Va tenuto presente, però, che le clausole di questo contratto devono uniformarsi, come si è detto, ad un modello-tipo stabilito da un decreto ministeriale ed integrato con appositi accordi territoriali in sede locale tra le associazioni di categoria. Qualche dubbio potrebbe sorgere dalla lettura dell’art.2
(Canone), il quale dispone di indicare il canone annuo di locazione, secondo quanto stabilito dall’accordo locale: la difficoltà è peraltro superabile con una formulazione che lasci inalterata la struttura della clausola. Un’eventuale difformità formale (non di contenuto) non produce l’invalidità del contratto, sempre che siano rispettati i vincoli fissati in tema di misura massima del canone.
Atteso l’intento di rendere non eccessivamente gravoso il vincolo locativo in capo al conduttore, a fronte delle spese di ristrutturazione da lui affrontate - posto ad esempio un canone che oscilli tra un valore minimo di € 5,40 e un valore massimo di € 6,20 al mq/mese, con superficie dell’appartamento ad esempio pari a 100 mq, - stabilendo tre importi base rispettivamente € 5,40 per il primo anno, € 5,60 per il secondo anno e € 5,80 per il terzo anno della prima tornata contrattuale - il canone di locazione mensile per il primo anno sarebbe pari a € 540,00, € 560,00 per il secondo anno, € 580,00 per il terzo. Al fine di scongiurare possibili contestazioni da parte delle associazioni di categoria riguardo il canone, per togliersi da ogni impaccio, sarebbe bene indicare anche il canone mensile ed annuo medio entro il
range disposto dall’accordo (nell’esempio esposto: rispettivamente € 560,00 e € 6.720,00, desumibili dal calcolo [(5,40 + 5,60 + 5,80) : 3)] x 100.
All’interno dello stesso articolo è inoltre importante anche specificare il canone annuo sul quale calcolare l’aggiornamento ISTAT oppure rinunciare al recupero dell’inflazione. A scanso di complicazioni, si consiglia, nell’articolo successivo
(Deposito cauzionale) di specificare il canone mensile sul quale parametrare la somma concessa in garanzia per l’adempimento delle obbligazioni scaturenti dal contratto.
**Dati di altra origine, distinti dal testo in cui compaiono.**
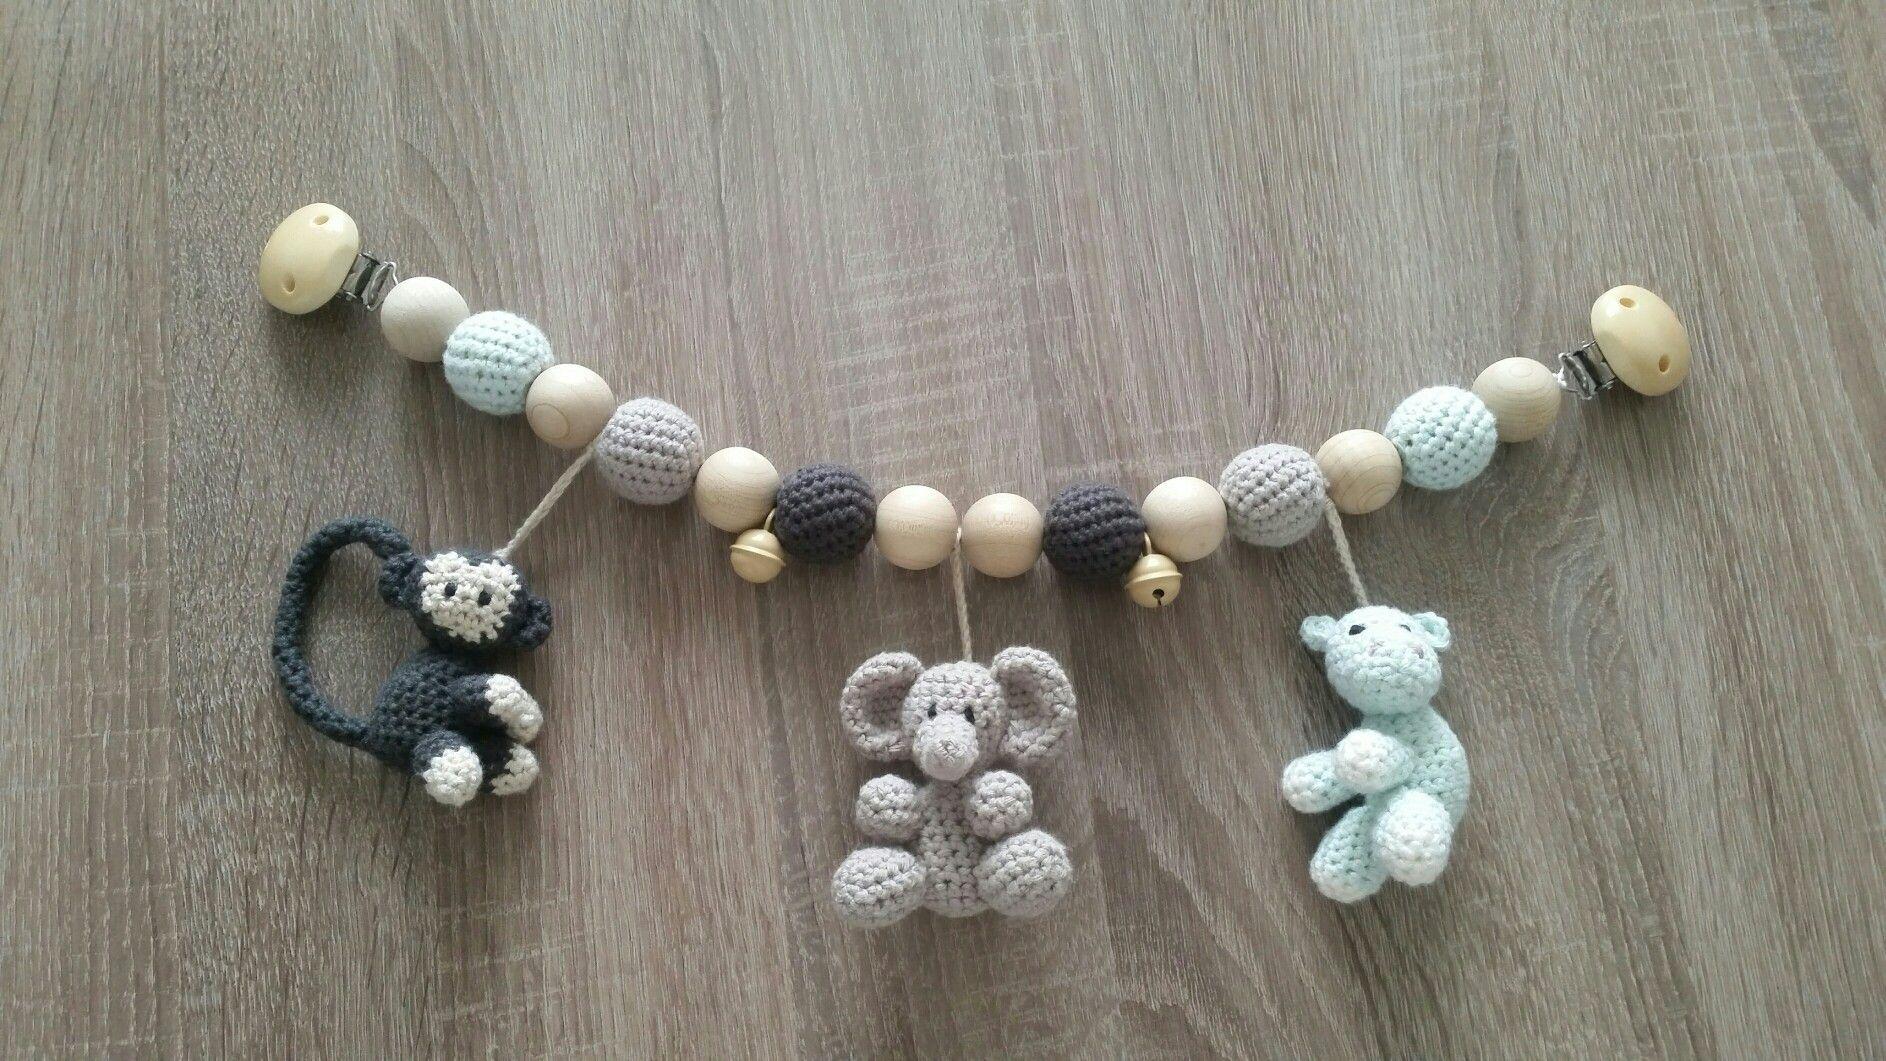 Kinderwagenkette Häkeln Häkeln Crochet Crochet Baby Und Crochet

Nel caso di specie, l’Amministrazione finanziaria è l’ultimo dei miei problemi: la locazione con canoni differenti è perfino prevista nella casella CASI PARTICOLARI del quadro A (codice 1) del modello di registrazione RLI (che tra una settimana esatta cambierà volto, presentando un nuovo quadro, il quadro E, appositamente dedicato alla locazione con canoni differenti per una o più annualità) e in questo caso – ulteriore dato che rafforza le mie convinzioni - nella casella TIPOLOGIA DI CONTRATTO io posso indicare sia il codice L1
(Locazione abitativa a canone libero) sia il codice L2
(Locazione abitativa agevolata in Comune ad alta tensione abitativa): la presenza del codice 2 – se mi avvalgo del canale telematico - non comporta alcun
warning di incongruità, né tantomeno lo scarto in fase di accettazione e di controllo del file.
A me non preoccupa l’Agenzia delle Entrate, preoccupano molto di più le associazioni dei proprietari e degli inquilini che in futuro (nuovo accordo che si basasse sul nuovo decreto ministeriale 2017) potrebbero contestarmi la convenzione locativa concordata che io gli sottopongo, ma al momento a Napoli nessuno mi impone di passare da loro a fare vidimare il contratto.
Quasi dimenticavo. All’ultima domanda, la risposta è affermativa: lasci spirare il tuo vecchio contratto oppure lo risolvi consensualmente con il tuo inquilino, poi ne stipuli un altro libero a nuove condizioni.